You are to retype exactly the line with "device tech fingerprint" and every line after it in the entries below.

(EXERCISE INPUTS Opens)

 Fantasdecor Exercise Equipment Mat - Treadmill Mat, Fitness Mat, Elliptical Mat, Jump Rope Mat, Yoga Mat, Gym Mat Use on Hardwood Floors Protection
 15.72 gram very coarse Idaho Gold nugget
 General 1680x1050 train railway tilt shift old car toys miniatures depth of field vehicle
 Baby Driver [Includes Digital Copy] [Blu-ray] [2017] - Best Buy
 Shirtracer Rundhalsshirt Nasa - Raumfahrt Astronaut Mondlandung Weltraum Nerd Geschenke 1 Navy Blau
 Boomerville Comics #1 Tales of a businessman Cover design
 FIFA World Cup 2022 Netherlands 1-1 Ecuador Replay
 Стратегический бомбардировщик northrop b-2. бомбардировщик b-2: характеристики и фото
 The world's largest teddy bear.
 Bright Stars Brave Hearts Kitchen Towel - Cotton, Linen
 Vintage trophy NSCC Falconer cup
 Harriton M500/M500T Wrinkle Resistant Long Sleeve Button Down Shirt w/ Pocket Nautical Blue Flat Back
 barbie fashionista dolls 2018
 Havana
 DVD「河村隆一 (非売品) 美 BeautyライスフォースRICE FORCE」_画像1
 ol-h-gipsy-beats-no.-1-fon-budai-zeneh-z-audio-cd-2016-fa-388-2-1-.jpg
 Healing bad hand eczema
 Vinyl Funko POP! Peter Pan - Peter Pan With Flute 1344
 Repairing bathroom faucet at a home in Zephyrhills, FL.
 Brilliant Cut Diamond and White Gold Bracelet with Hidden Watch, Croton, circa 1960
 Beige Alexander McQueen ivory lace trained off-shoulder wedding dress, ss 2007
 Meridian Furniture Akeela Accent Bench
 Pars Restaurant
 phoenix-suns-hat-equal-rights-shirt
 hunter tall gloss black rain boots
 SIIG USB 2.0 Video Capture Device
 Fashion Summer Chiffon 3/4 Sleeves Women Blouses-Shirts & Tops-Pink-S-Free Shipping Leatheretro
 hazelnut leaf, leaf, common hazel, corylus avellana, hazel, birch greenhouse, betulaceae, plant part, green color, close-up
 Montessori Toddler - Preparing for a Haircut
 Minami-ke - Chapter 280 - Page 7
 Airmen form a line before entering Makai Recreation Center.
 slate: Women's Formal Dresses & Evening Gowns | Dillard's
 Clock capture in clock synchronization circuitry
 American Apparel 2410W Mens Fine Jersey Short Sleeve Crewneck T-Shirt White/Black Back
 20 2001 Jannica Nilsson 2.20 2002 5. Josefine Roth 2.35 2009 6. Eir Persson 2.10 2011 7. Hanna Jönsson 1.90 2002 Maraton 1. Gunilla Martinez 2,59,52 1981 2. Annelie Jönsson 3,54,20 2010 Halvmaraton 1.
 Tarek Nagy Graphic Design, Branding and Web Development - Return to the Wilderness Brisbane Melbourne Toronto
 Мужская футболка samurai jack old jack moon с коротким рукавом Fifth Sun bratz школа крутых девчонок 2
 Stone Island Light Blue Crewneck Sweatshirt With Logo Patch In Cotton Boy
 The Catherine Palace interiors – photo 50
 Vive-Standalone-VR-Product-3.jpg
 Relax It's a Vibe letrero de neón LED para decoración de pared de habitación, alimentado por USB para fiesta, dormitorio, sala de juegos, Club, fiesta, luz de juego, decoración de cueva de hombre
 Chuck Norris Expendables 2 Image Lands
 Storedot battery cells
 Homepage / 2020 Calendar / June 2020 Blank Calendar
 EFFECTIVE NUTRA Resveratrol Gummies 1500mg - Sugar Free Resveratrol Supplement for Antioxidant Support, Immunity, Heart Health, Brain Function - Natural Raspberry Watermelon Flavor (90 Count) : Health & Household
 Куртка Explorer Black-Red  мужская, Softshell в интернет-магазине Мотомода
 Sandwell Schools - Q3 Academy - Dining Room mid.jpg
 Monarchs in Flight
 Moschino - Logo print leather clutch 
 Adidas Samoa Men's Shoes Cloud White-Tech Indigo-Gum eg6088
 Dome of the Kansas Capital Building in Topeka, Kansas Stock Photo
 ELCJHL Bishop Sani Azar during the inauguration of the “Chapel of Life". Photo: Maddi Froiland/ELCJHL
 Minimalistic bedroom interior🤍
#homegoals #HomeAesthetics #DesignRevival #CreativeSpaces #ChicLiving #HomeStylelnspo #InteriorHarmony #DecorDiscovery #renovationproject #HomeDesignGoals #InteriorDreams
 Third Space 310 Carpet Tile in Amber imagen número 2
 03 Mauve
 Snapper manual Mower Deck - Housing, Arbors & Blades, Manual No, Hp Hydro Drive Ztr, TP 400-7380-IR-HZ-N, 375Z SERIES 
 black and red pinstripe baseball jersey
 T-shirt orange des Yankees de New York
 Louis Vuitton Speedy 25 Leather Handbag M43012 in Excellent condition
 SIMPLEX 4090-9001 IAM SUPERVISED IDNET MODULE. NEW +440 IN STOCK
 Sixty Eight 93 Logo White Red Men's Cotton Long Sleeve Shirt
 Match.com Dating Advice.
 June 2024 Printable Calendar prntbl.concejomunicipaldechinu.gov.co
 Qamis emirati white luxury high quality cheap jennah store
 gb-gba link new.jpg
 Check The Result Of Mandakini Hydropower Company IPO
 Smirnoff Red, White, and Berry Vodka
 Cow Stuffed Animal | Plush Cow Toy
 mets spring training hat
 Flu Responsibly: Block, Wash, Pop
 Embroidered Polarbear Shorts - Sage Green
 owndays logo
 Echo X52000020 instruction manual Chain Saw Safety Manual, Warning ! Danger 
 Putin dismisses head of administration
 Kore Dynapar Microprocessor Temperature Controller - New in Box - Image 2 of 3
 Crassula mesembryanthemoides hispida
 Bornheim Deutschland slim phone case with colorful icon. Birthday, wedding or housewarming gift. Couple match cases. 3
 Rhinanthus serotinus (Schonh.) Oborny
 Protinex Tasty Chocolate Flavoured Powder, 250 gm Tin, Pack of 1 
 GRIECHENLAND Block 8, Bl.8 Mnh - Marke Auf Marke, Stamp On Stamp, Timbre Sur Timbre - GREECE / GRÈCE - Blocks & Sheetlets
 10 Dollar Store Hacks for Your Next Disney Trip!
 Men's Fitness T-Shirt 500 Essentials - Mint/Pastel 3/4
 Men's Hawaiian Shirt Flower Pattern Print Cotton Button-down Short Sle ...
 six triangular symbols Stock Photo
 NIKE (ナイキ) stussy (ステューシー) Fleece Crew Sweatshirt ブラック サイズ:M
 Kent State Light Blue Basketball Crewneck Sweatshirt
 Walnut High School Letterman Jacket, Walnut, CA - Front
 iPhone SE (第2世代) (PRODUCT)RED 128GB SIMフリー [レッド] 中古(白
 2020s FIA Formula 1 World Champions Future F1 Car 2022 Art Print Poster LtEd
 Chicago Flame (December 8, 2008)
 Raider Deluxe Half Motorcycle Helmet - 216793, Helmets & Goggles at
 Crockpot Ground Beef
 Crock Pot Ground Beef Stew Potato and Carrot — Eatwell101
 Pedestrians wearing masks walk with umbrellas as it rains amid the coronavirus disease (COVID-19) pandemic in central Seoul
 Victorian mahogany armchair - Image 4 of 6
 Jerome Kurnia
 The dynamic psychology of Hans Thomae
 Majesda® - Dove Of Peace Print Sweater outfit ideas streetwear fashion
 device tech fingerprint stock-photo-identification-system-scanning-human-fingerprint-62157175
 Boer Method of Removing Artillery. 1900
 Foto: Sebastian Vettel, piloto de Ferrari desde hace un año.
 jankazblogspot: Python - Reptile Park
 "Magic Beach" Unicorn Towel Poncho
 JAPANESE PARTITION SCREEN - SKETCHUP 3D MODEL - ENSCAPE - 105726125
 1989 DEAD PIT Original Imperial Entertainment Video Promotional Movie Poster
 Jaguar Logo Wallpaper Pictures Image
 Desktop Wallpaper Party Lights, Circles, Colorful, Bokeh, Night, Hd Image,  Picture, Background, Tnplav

(EXERCISE INPUTS Closes)

→ RESPONSE BELOW:
 device tech fingerprint stock-photo-identification-system-scanning-human-fingerprint-62157175
 Boer Method of Removing Artillery. 1900
 Foto: Sebastian Vettel, piloto de Ferrari desde hace un año.
 jankazblogspot: Python - Reptile Park
 "Magic Beach" Unicorn Towel Poncho
 JAPANESE PARTITION SCREEN - SKETCHUP 3D MODEL - ENSCAPE - 105726125
 1989 DEAD PIT Original Imperial Entertainment Video Promotional Movie Poster
 Jaguar Logo Wallpaper Pictures Image
 Desktop Wallpaper Party Lights, Circles, Colorful, Bokeh, Night, Hd Image,  Picture, Background, Tnplav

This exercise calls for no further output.